In a significant stride for Brazilian AI technology, a national startup has unveiled MariTalk: an artificial intelligence chatbot entirely in Portuguese, rivaling its international counterparts. This breakthrough comes amidst the dominance of giants like OpenAI’s ChatGPT, backed by Microsoft, in an attempt to compete.
Six years ago, a team of researchers at the State University of Campinas (Unicamp) in São Paulo delved deep into AI studies. Just a month before OpenAI’s ChatGPT launch, they established a startup dedicated to AI development. Fast forward to May 2023, and their efforts bore fruit with MariTalk, the 100% Brazilian AI chatbot now freely accessible online. Similarly to ChatGPT, MariTalk is trained to assist in various tasks, from tackling exams like Enem(Brazil’s National Student Performance Exam) to understanding laws, all in native Portuguese(although the bot is capable of speaking english and other languages).
The brain behind MariTalk is Dr. Rodrigo Nogueira, a computer science Ph.D. and volunteer professor at Unicamp, Brazil, alongside his colleague Ramon Pires and researchers Hugo Abonizio, Thales Almeida, and Thiago Laitz, forming the Maritaca AI startup. Their ambition? To be Brazil’s answer to OpenAI on the global AI stage.

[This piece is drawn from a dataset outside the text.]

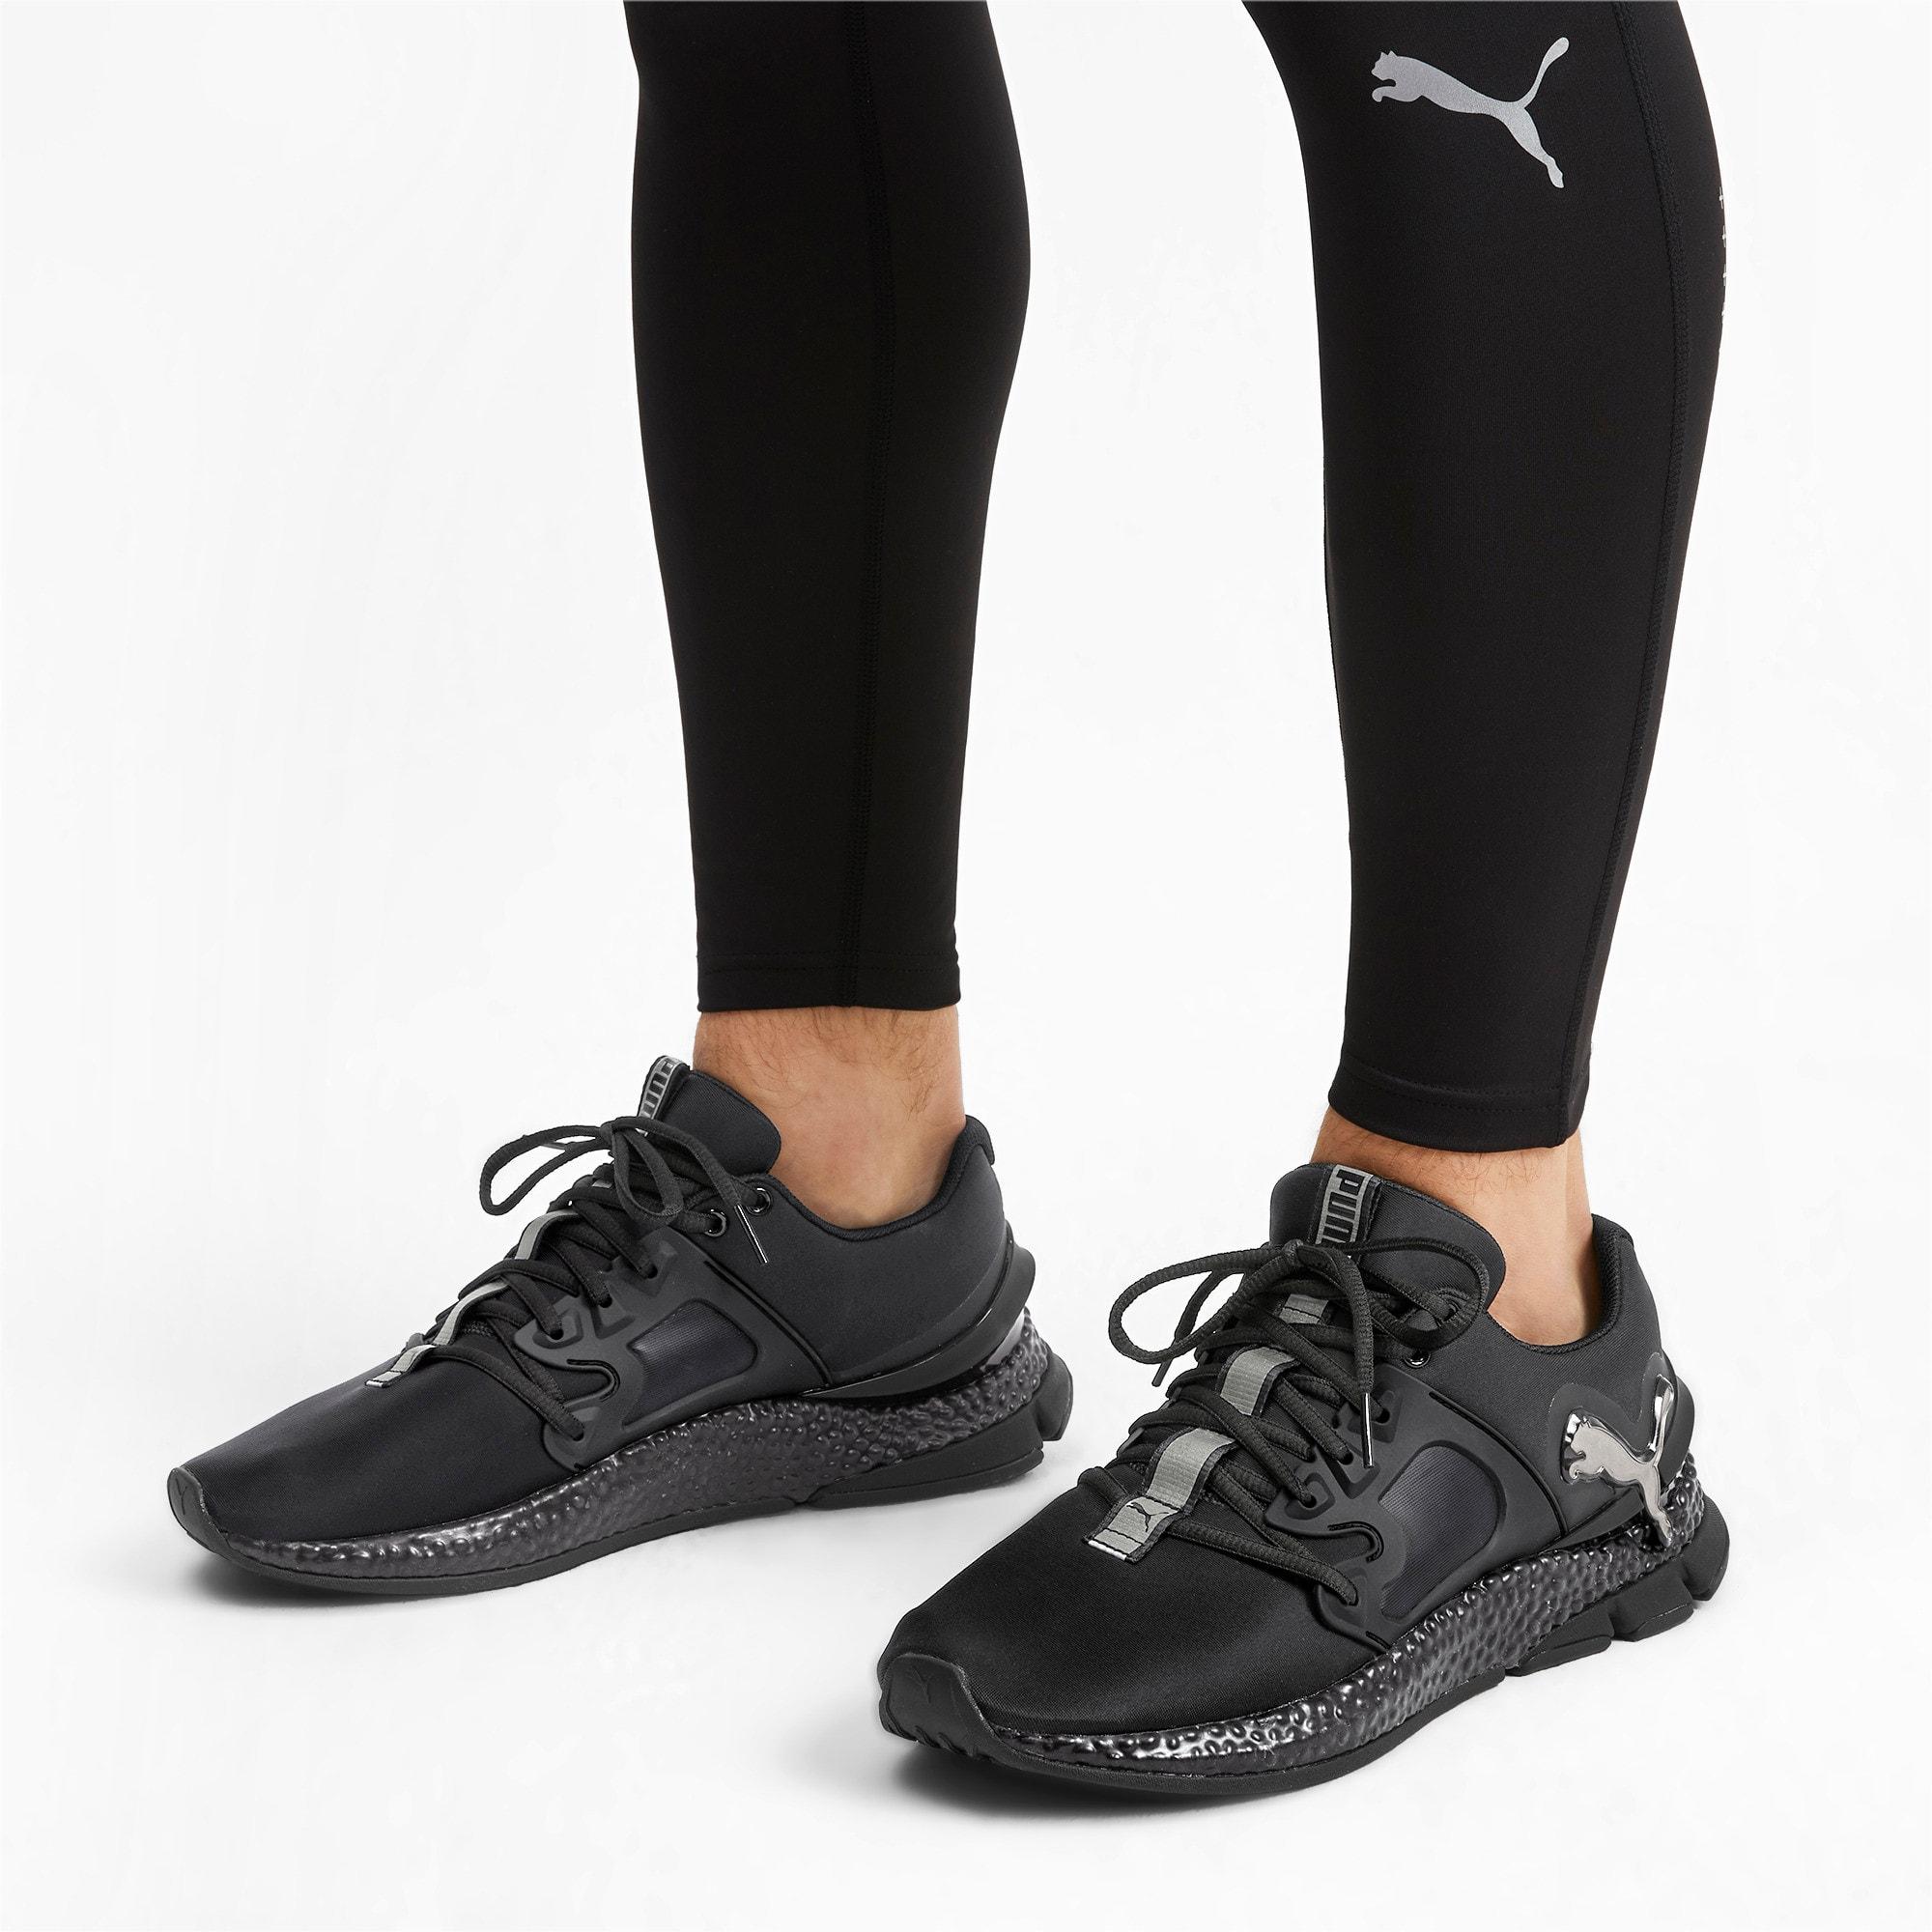 Thumbnail 2 of HYBRID Sky Rave Men's Running Shoes, Puma Black-Puma Aged Silver, medium

In a conversation with SBT News, the team shared insights into the startup’s challenges, including MariTalk’s development and their work on an AI that generates images akin to OpenAI’s DALL-E.
Rodrigo Nogueira’s story
Rodrigo Nogueira started working with AI in 2012, when he was in the image field, which was the first major AI boom. There, they successfully identified whether a fingerprint was real or fake. This turned into a product that is special for various companies. In 2018, they started working with a language model. At that time, they were not large, but small language models. They launched the first Brazilian language model, focused on Portuguese, called BERTimbau. Today, it has more than 10 million downloads on their website.

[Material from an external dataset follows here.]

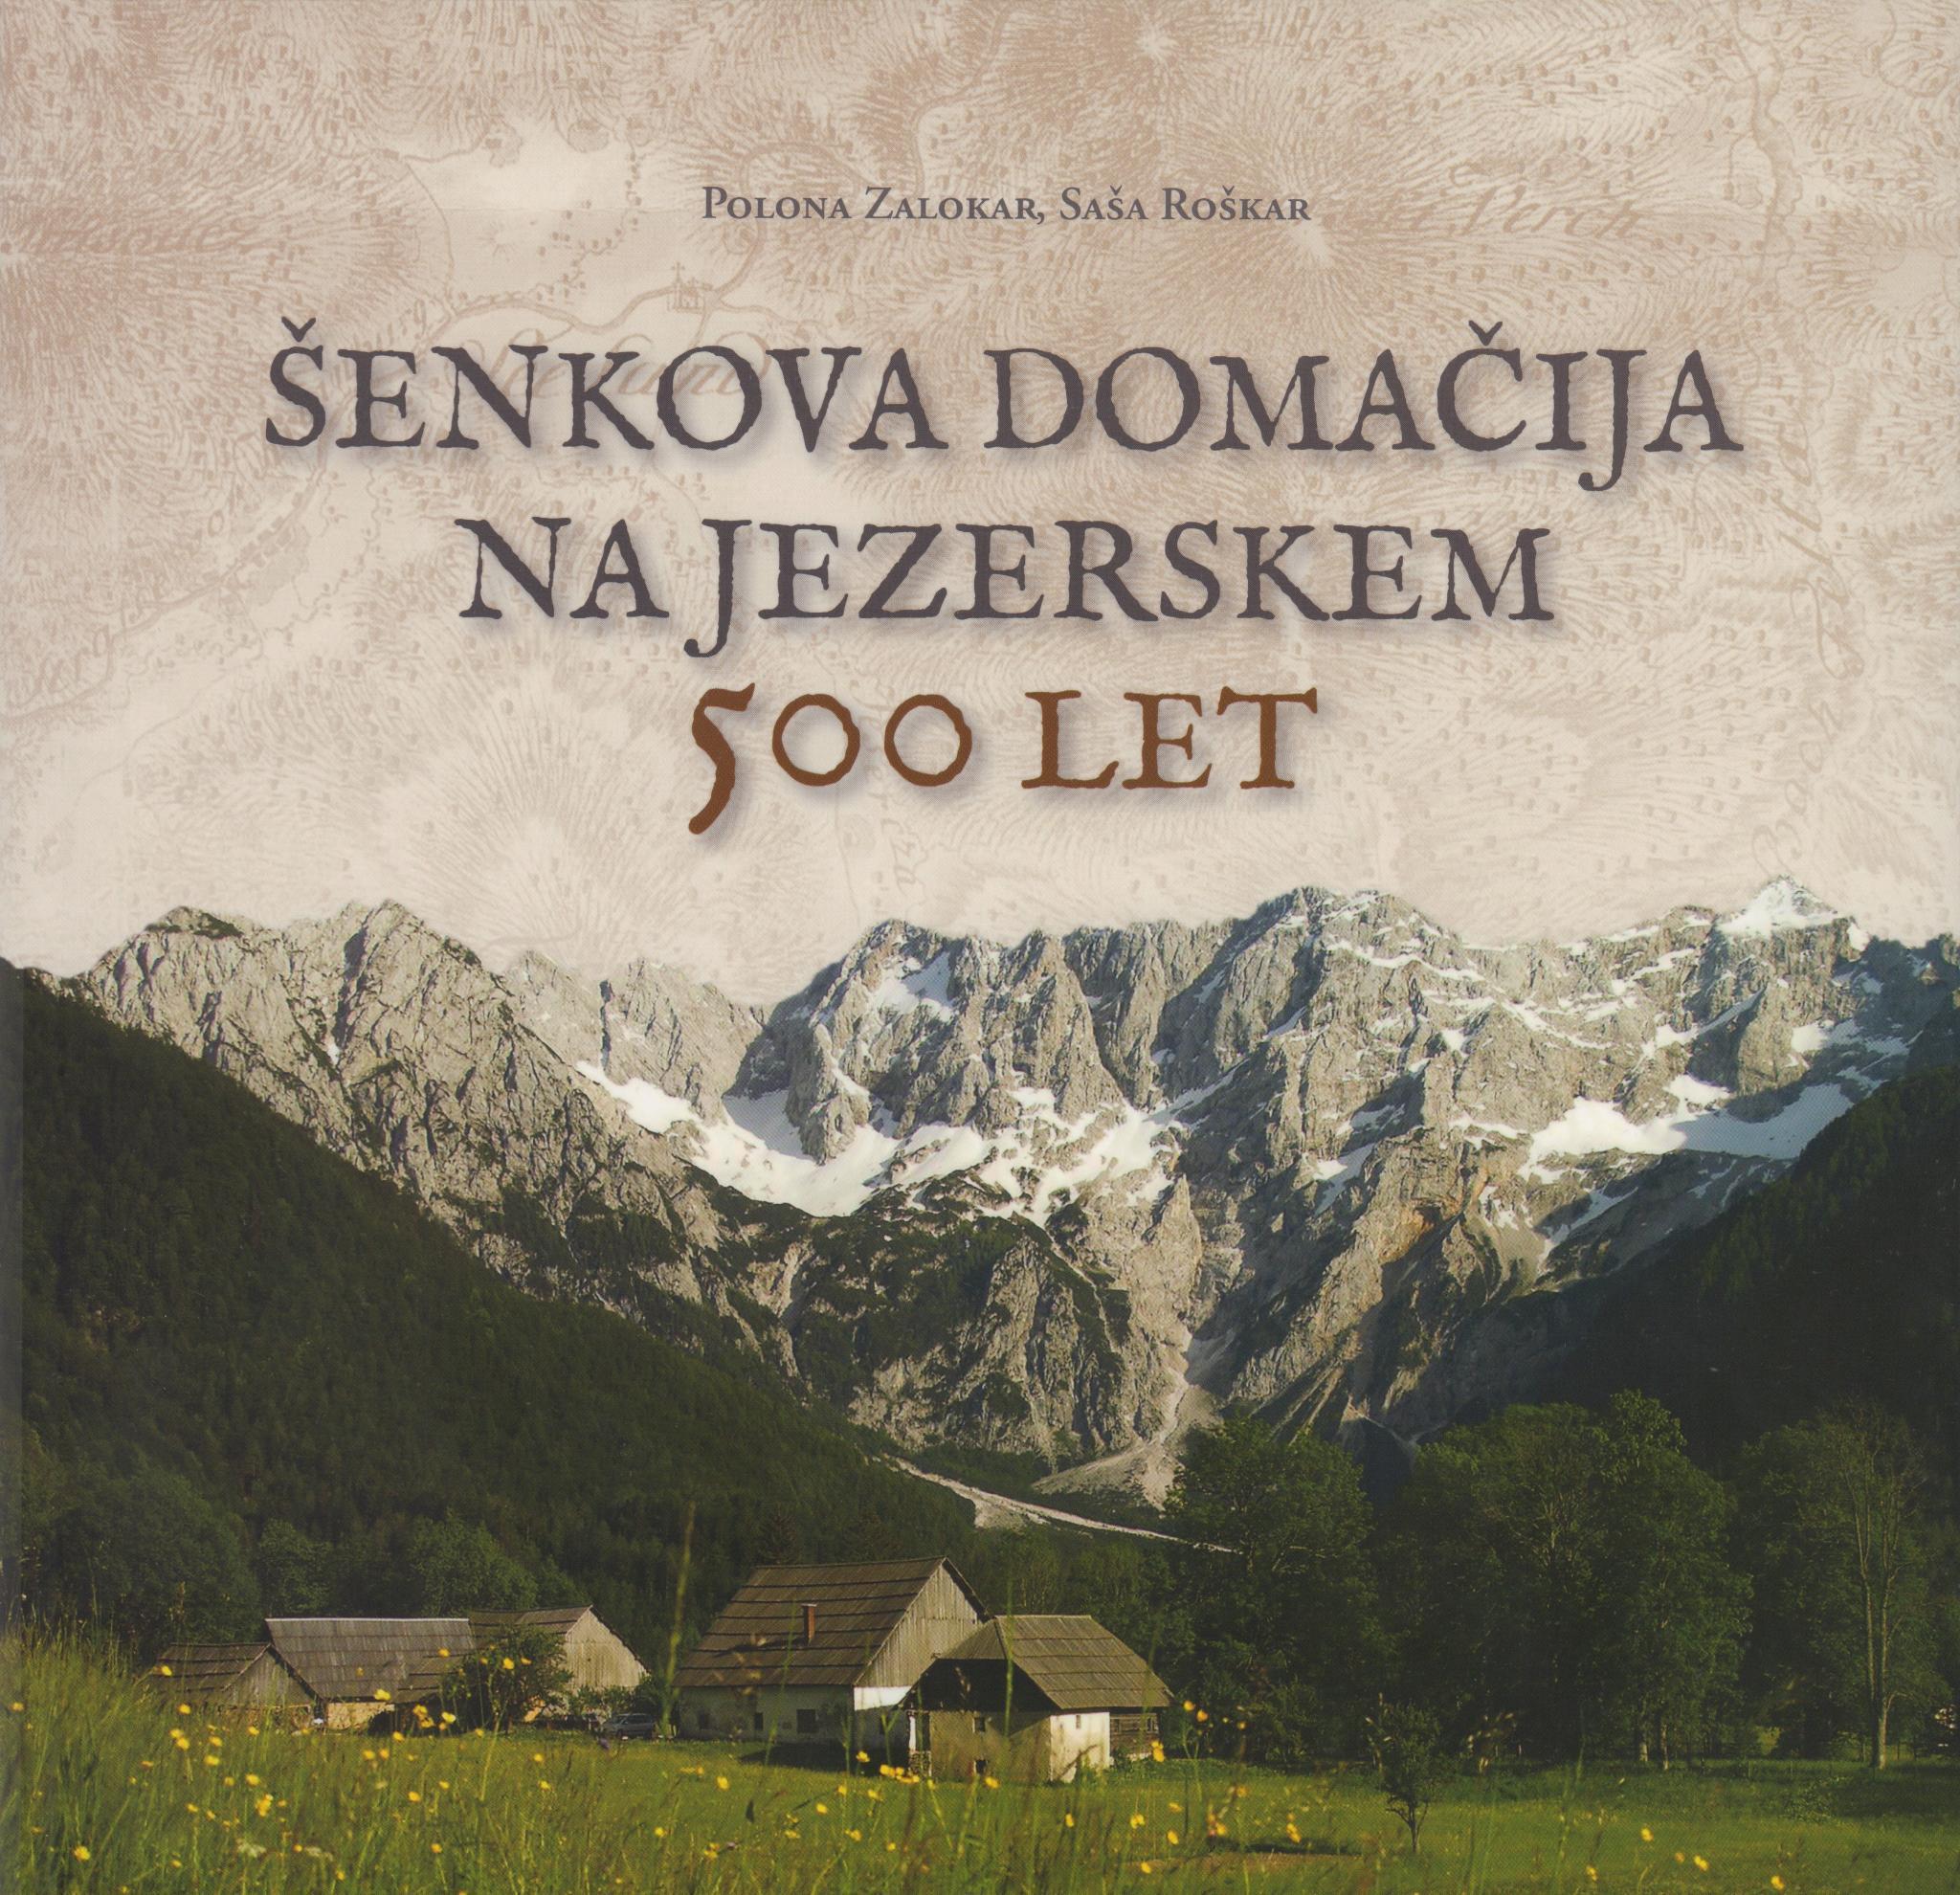 Šenkova domačija na Jezerskem, 500 let

Rodrigo graduated in the United States, then returned to Brazil and worked for a series of other companies. The entire team with him were people who worked in other companies, and then he made the decision to create Maritaca and convinced them to work with them. They received a $1 million Ad Grants from Google, to spend on Google Cloud. Google also gave them access to their computers for training. It was a huge impact.
This culminated in Sabiá-2, which is performing better than GPT 3.5 Turbo. But unlike GPT 4, because of the specialization in Portuguese, they can provide much better service for the brazilian market, also offering radically cheaper prices(ranging from $0.25 to $5 per million tokens, while GPT4’s API costs a minimum of 10$ per million tokens)

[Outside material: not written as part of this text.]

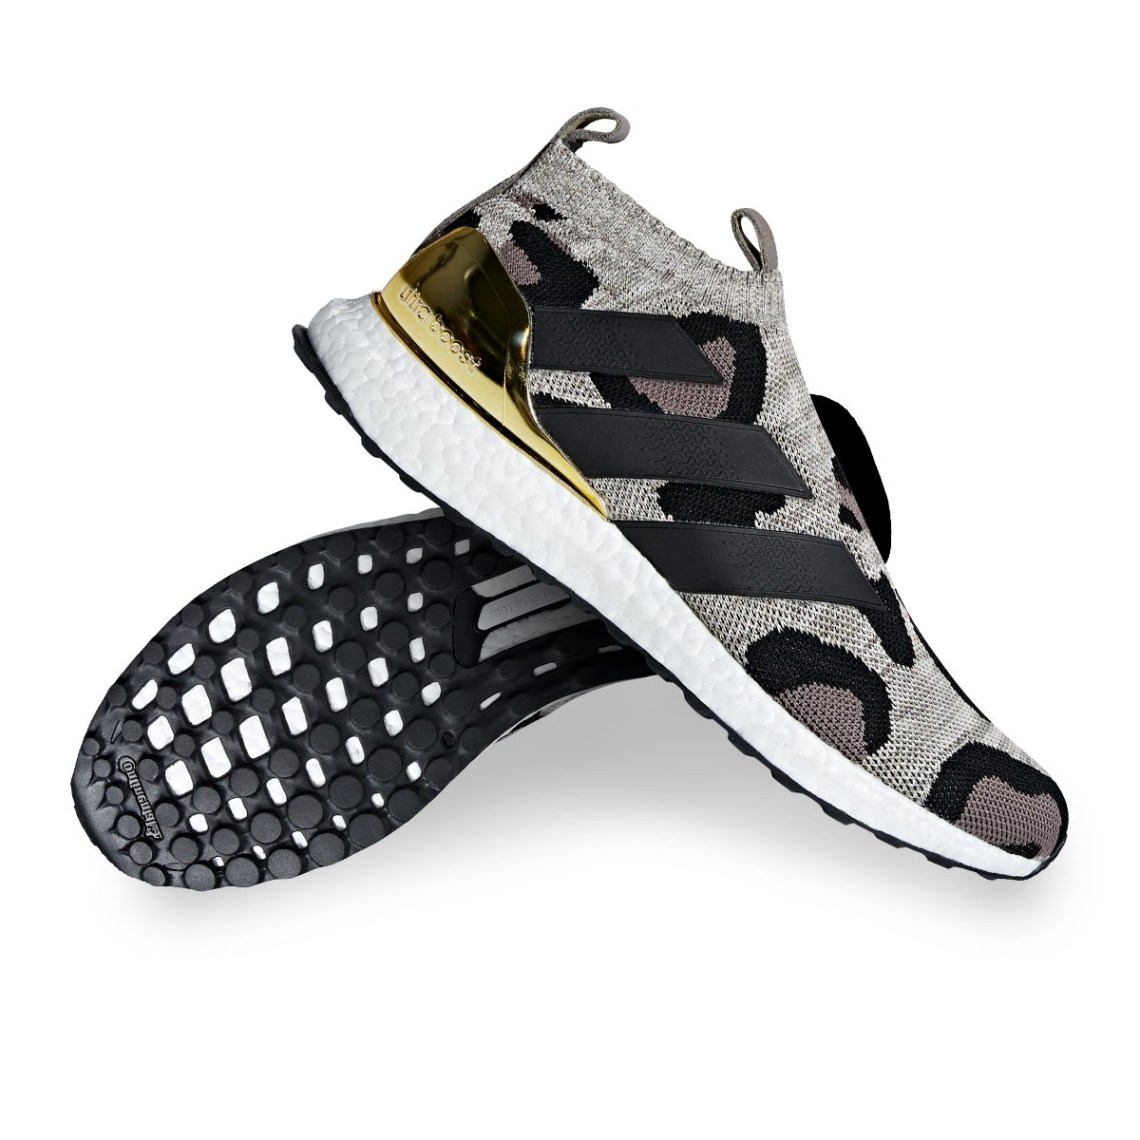 Adidas Ace 16 6

Rodrigo and his team are focused on keeping the model up-to-date so that the chatbot stays informed about recent events. This approach stands out from typical language models that have a fixed knowledge limit. For instance, OpenAI’s GPT-3.5 model knowledge goes until 2021, while GPT-4 covers events until October 2023(although some versions of the chatbot are up to August or December of last year)
Their goal is to create a continuous learning model at Maritaca, ensuring it learns about new events(from say, a week ago) while retaining knowledge of past ones.
Additionally, the team aims to empower users by allowing them to customize the models with their own data. This way, users can gain insights into topics they’re interested in. Looking ahead, they plan to introduce multimodal models incorporating both images and text, similar to Google’s Bard.
Maritaca AI Overview
- Founded: October 2022, in Campinas (SP)
- Founder & CEO: Rodrigo Nogueira
- Team Members: Ramon Pires (researcher), Hugo Abonizio (researcher), Thales Almeida (researcher), and Thiago Laitz (researcher)
Based in Campinas, São Paulo, Maritaca AI emerged just before OpenAI’s ChatGPT launch, focusing on AI domains and languages. Their expertise spans advanced AI research, large language models (LLM), and natural language processing in Portuguese. MariTalk’s launch in May 2023 marked a significant milestone in Brazilian AI innovation.